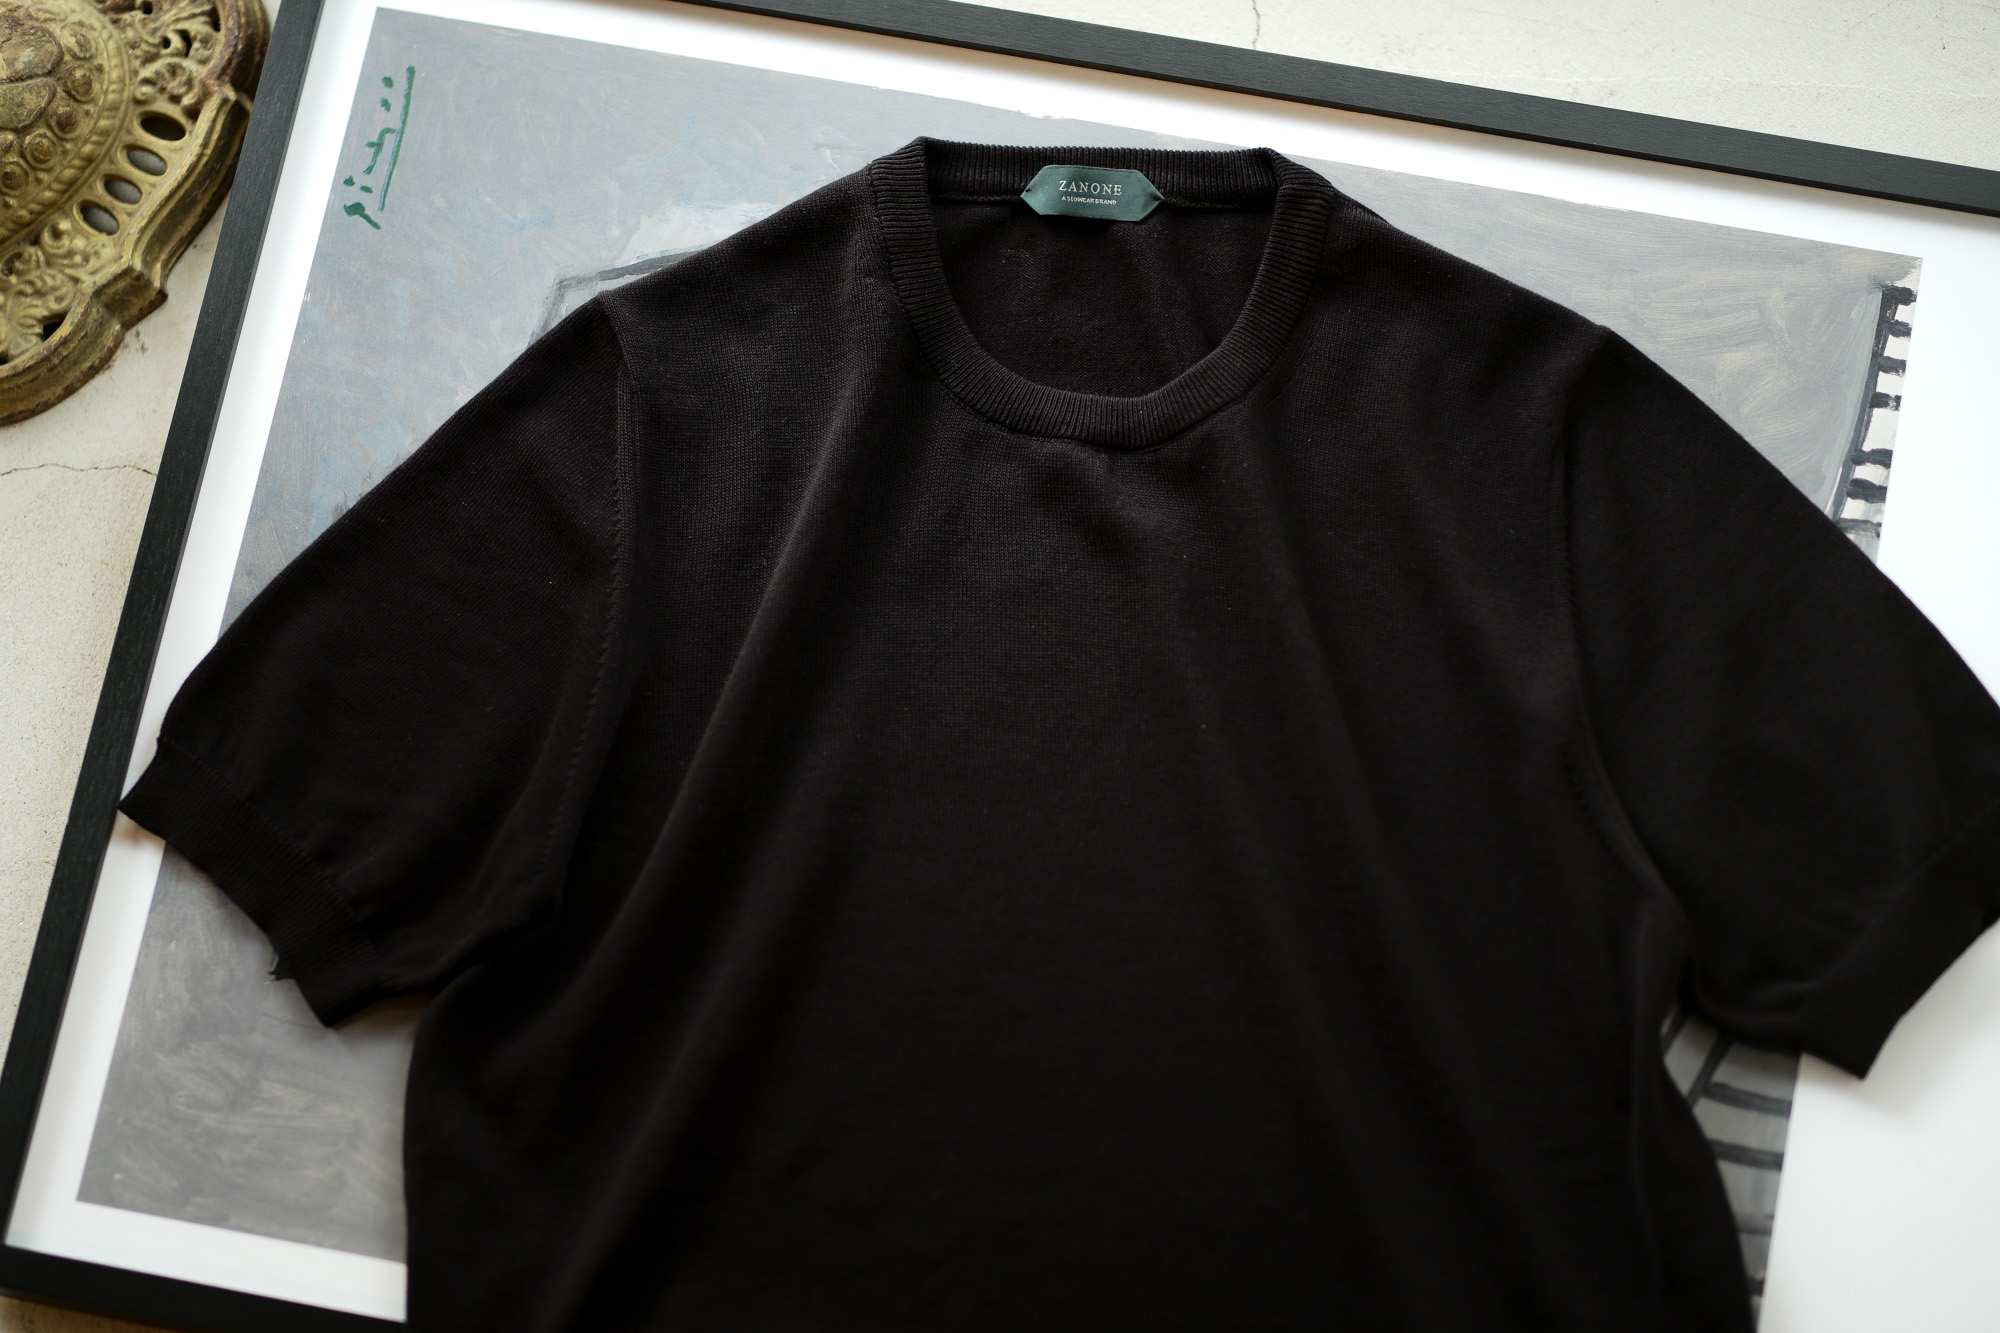 ZANONE(ザノーネ) Knit T-shirt (ニット Tシャツ) コットンニット Tシャツ BLACK (ブラック・Z3369) made in italy (イタリア製) 2020 春夏新作 愛知 名古屋 altoediritto アルトエデリット
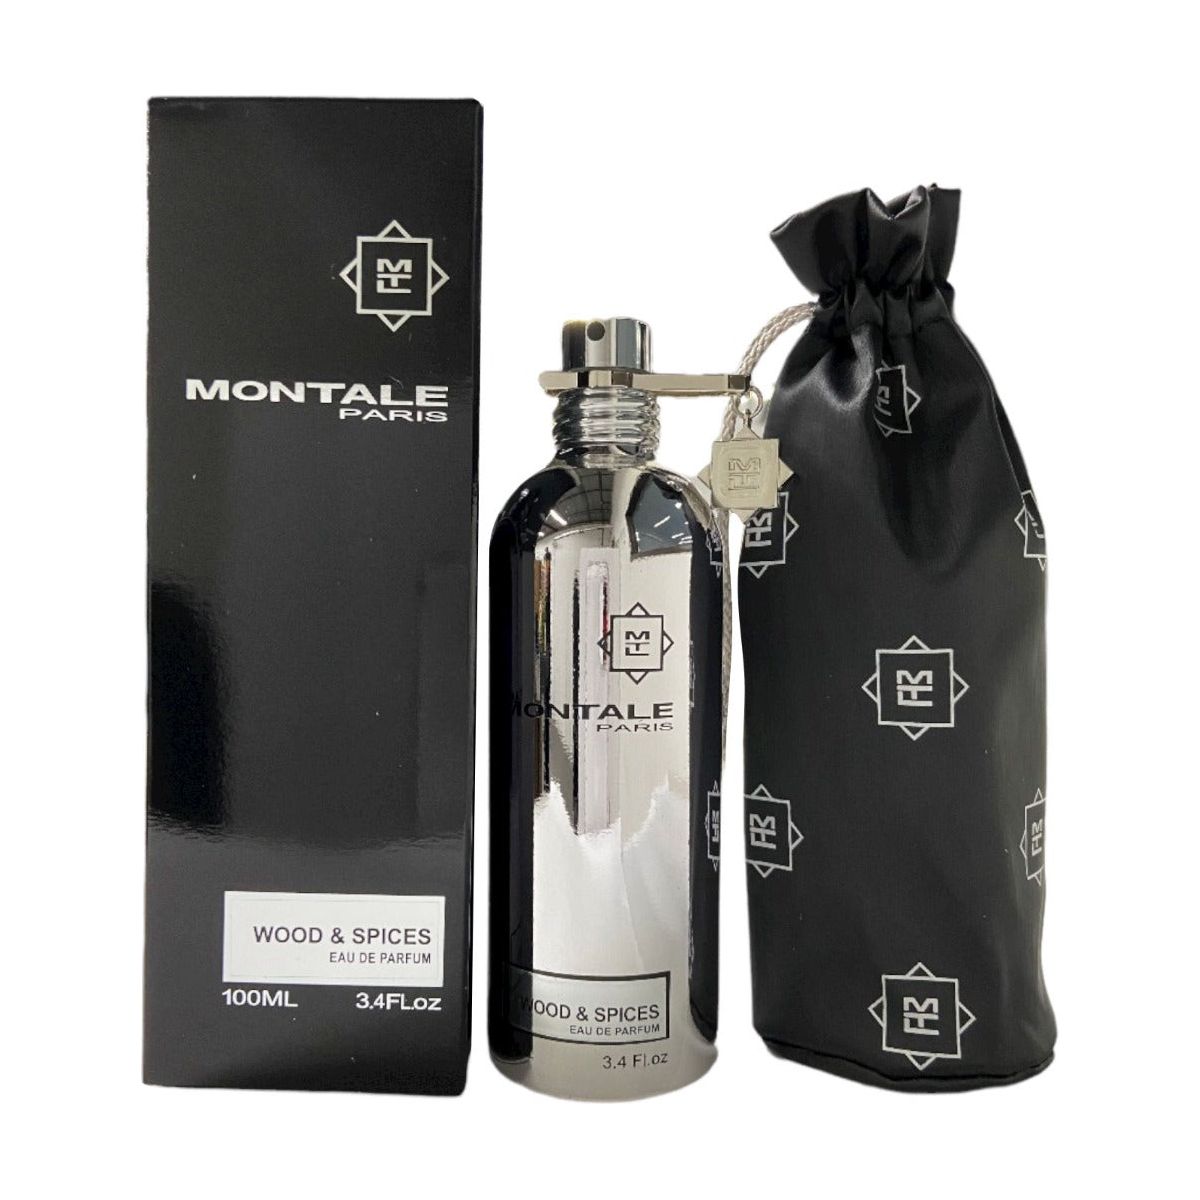 Montale Spicy Aoud / Montale EDP Spray 3.3 oz (100 ml) (u
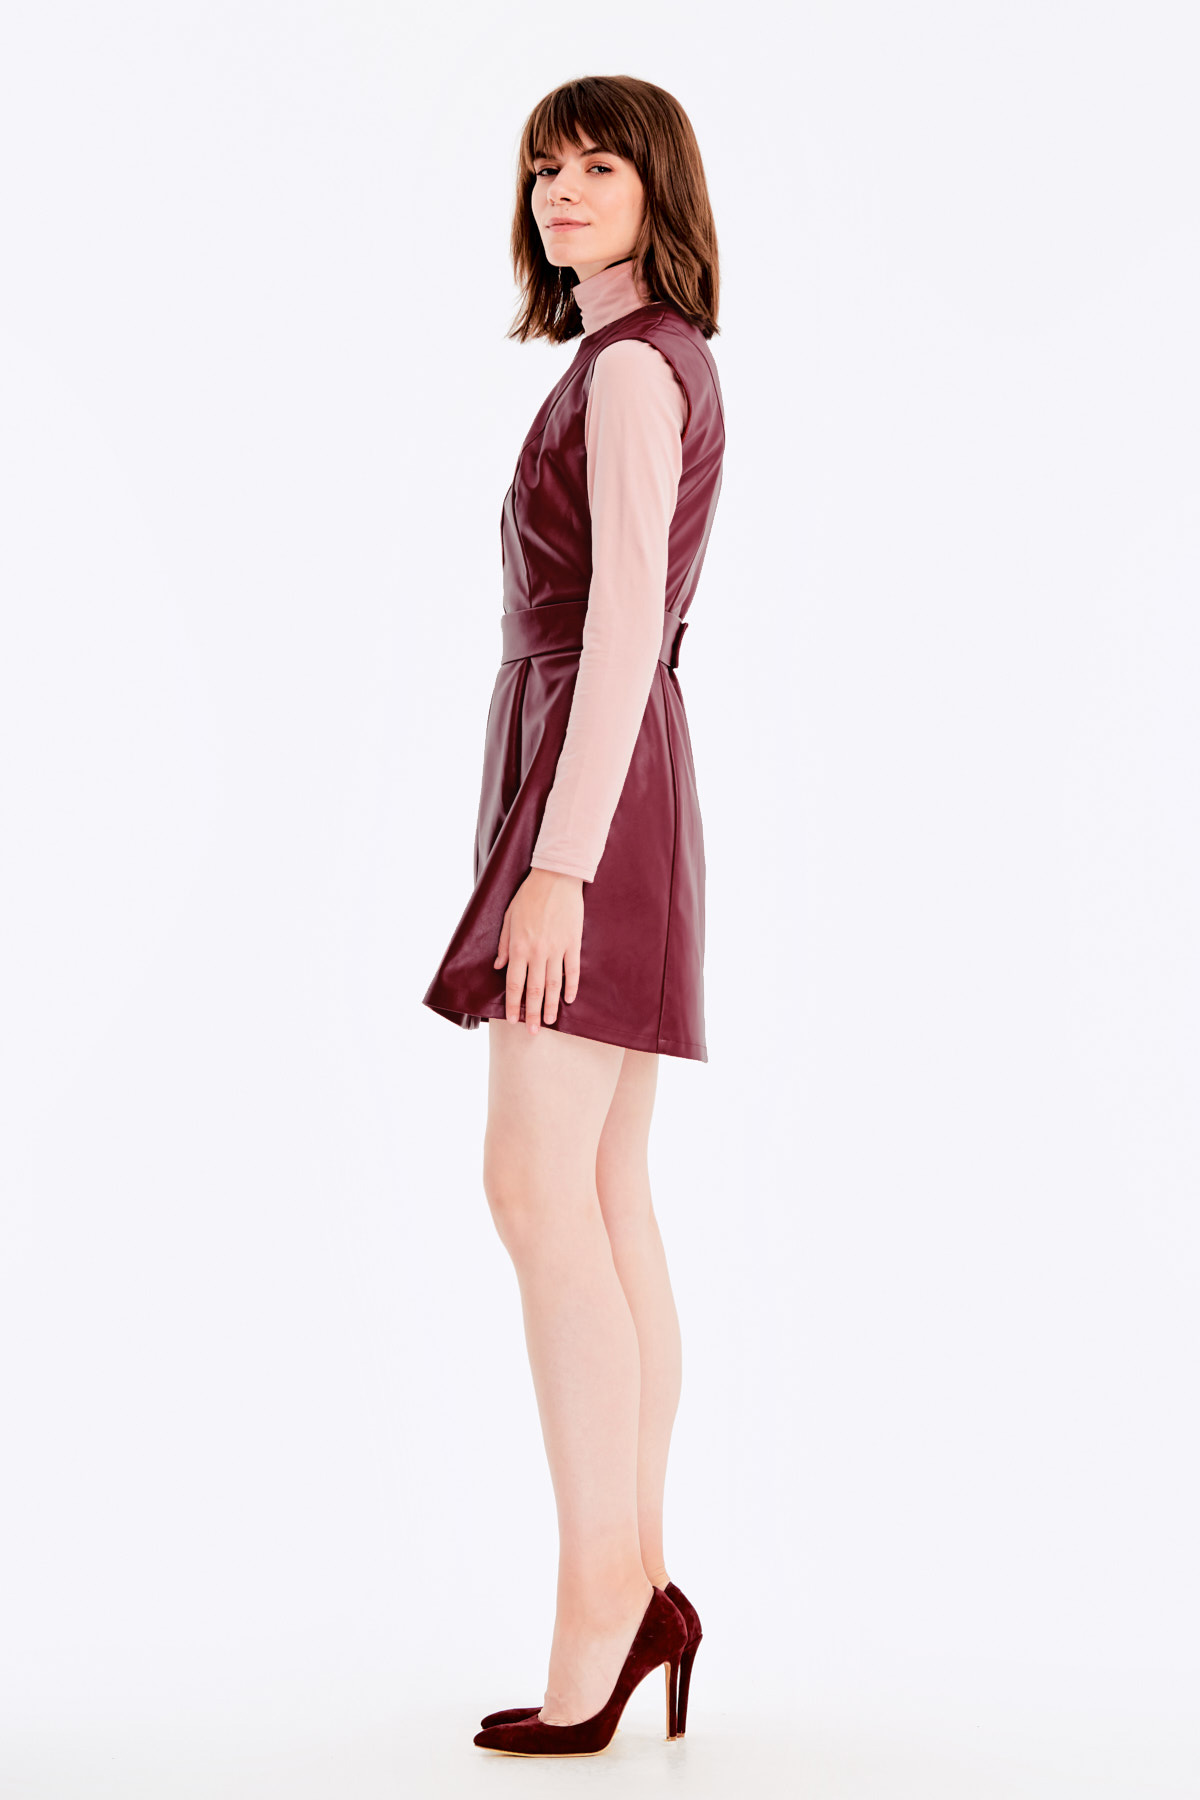 Below-knee burgundy leather dress , photo 11

Exercise » Beginning with the line that contains "Montale Spicy Aoud", repeat every remaining line of the data exactly, the last line included, and omit pictures.

Written answer »
 Montale Spicy Aoud / Montale EDP Spray 3.3 oz (100 ml) (u
 Below-knee burgundy leather dress , photo 11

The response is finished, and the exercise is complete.